• [WHAT IS REQUIRED] From the records below, output exactly the lines running from the line containing "Is Genshin Impact" through the line containing "22 (HG6302) |", and no others.

• [INFORMATION SHOWN]
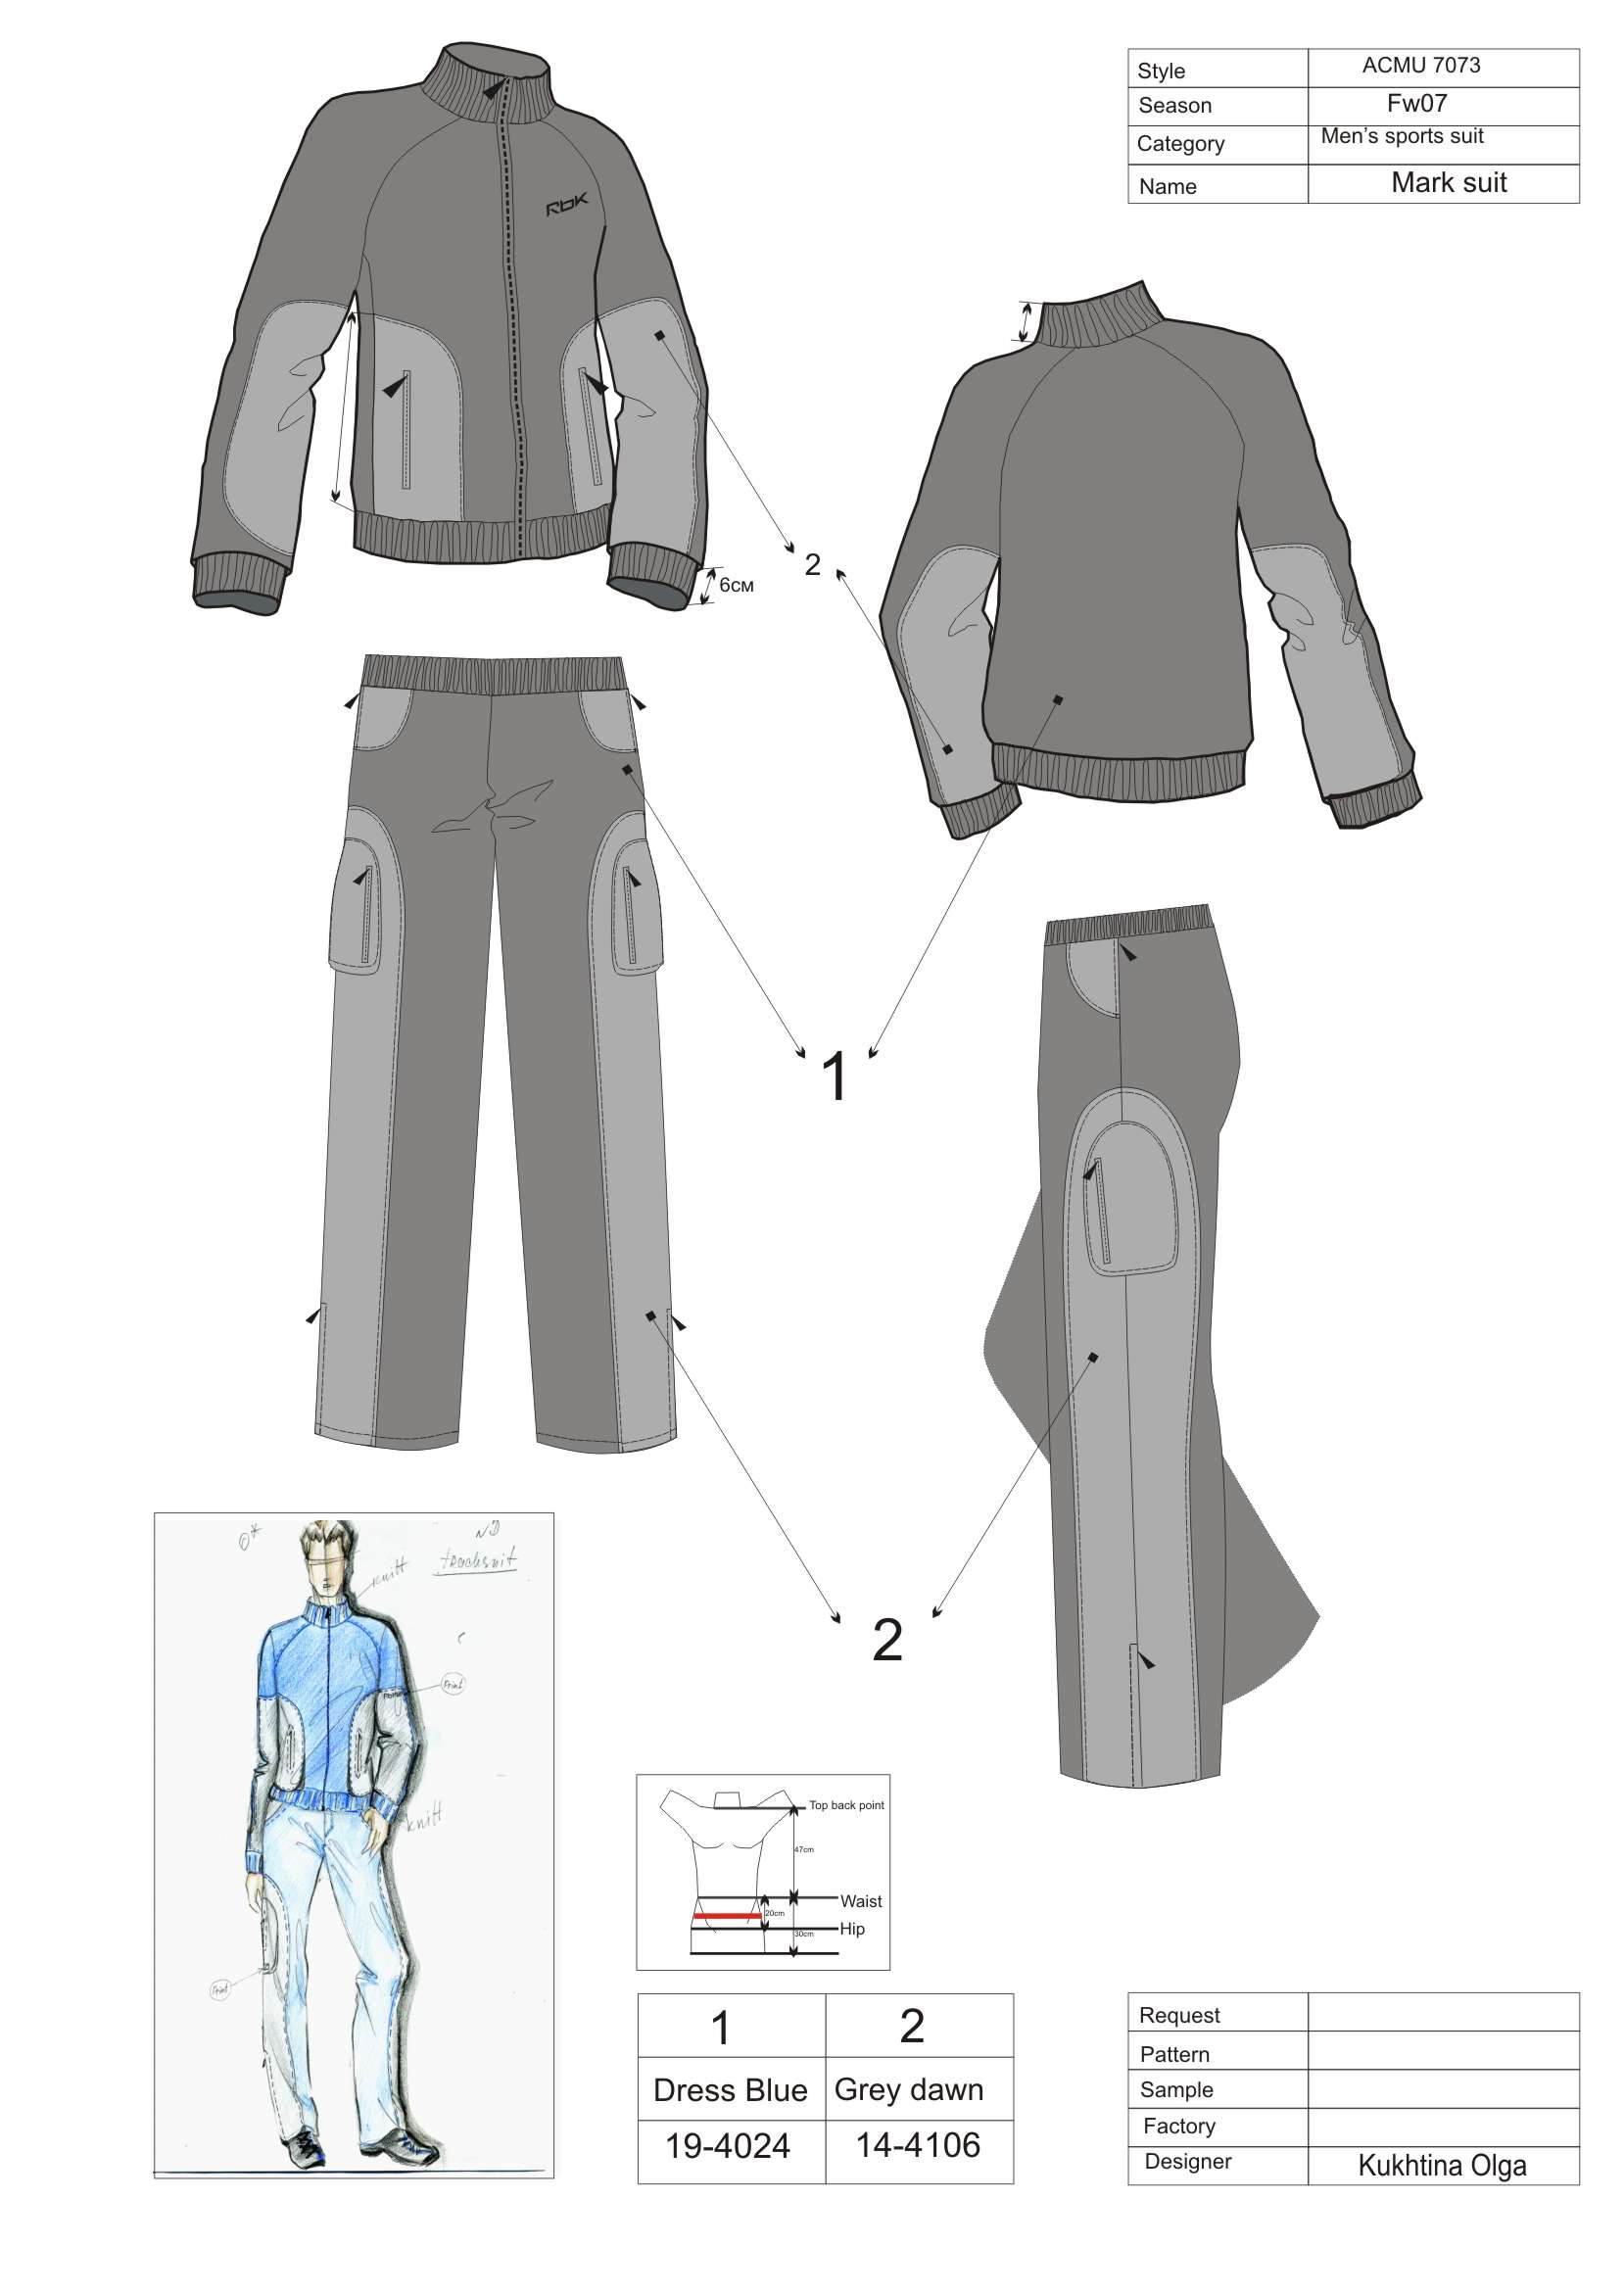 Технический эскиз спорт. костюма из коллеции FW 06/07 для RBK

--

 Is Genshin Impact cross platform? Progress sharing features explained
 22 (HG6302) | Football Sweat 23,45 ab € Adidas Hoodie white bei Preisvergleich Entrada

--

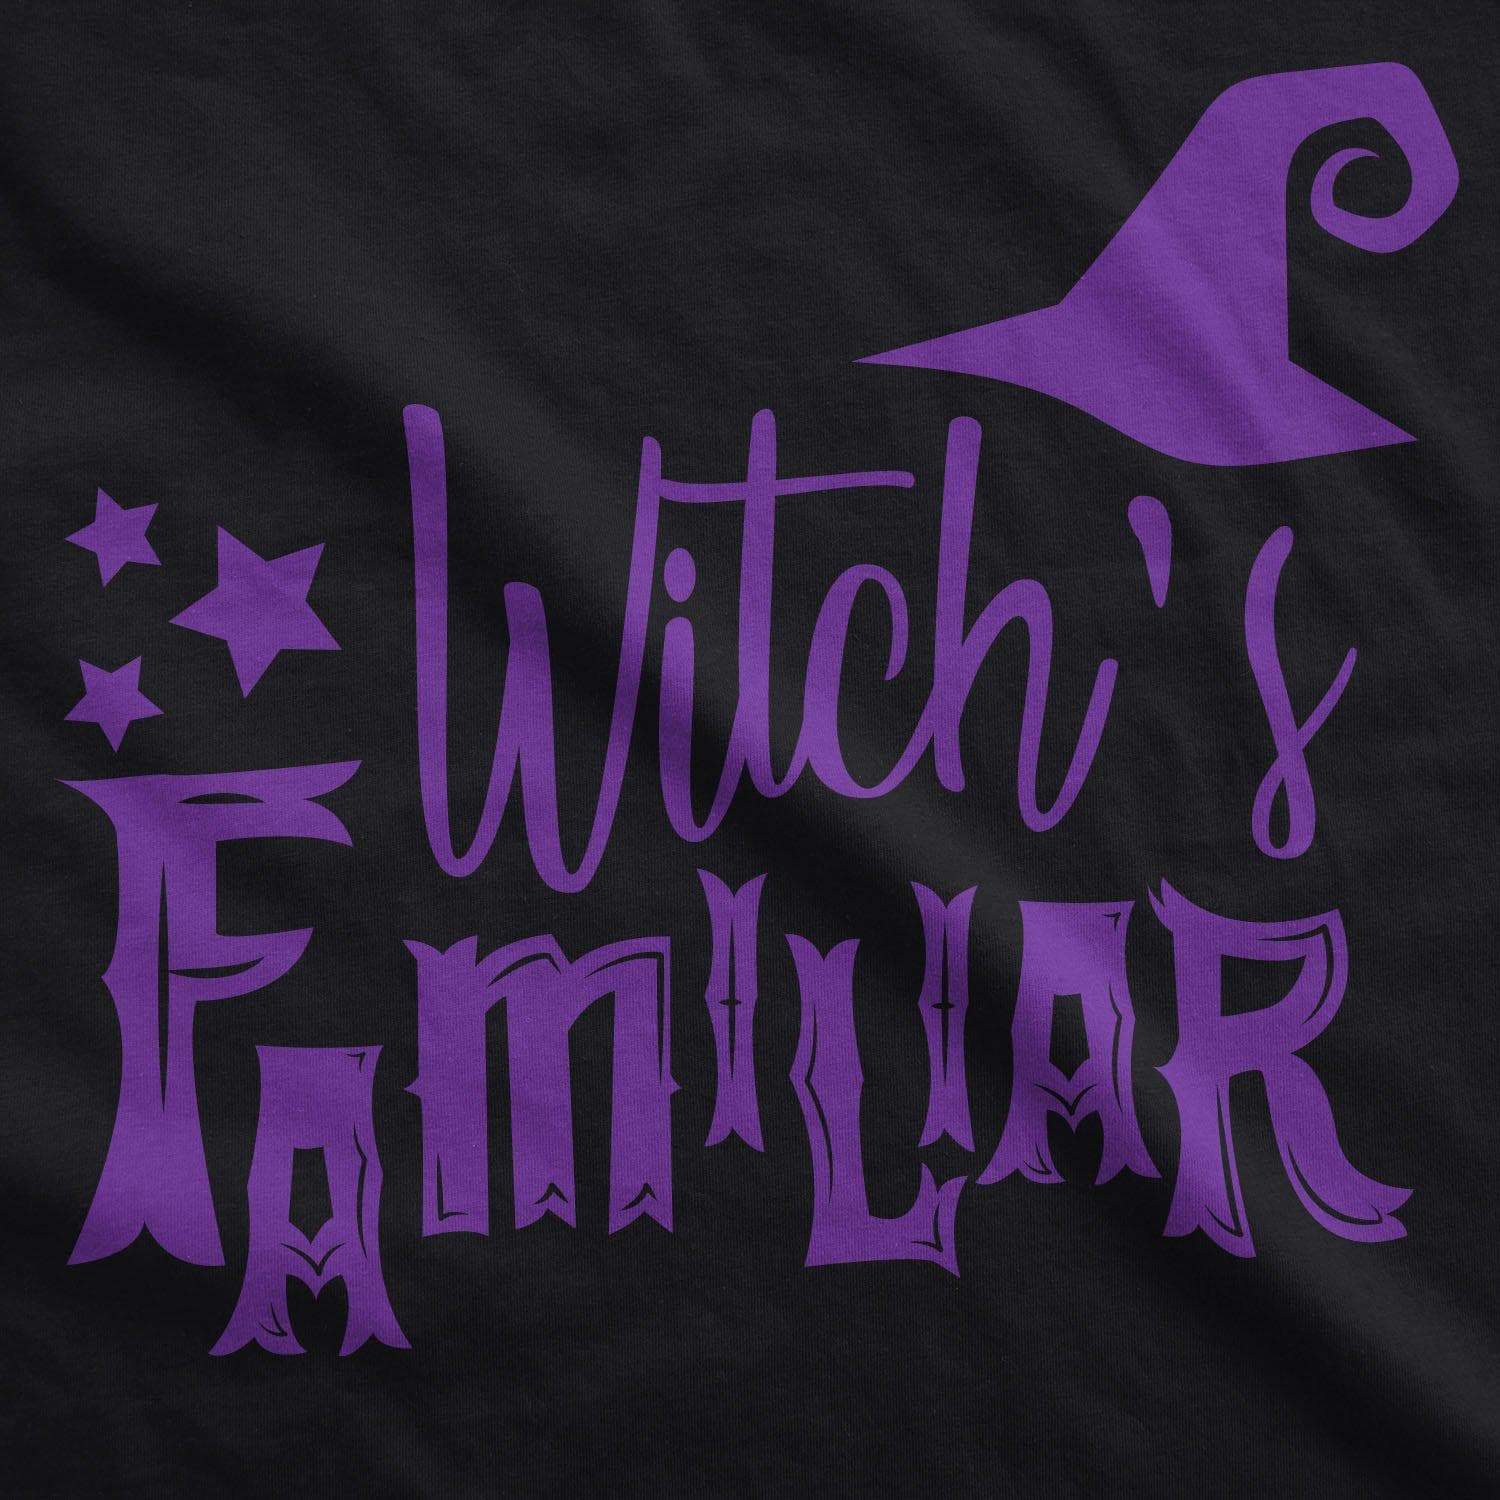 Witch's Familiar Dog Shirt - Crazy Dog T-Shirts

• [RESPONSE]
 Is Genshin Impact cross platform? Progress sharing features explained
 22 (HG6302) | Football Sweat 23,45 ab € Adidas Hoodie white bei Preisvergleich Entrada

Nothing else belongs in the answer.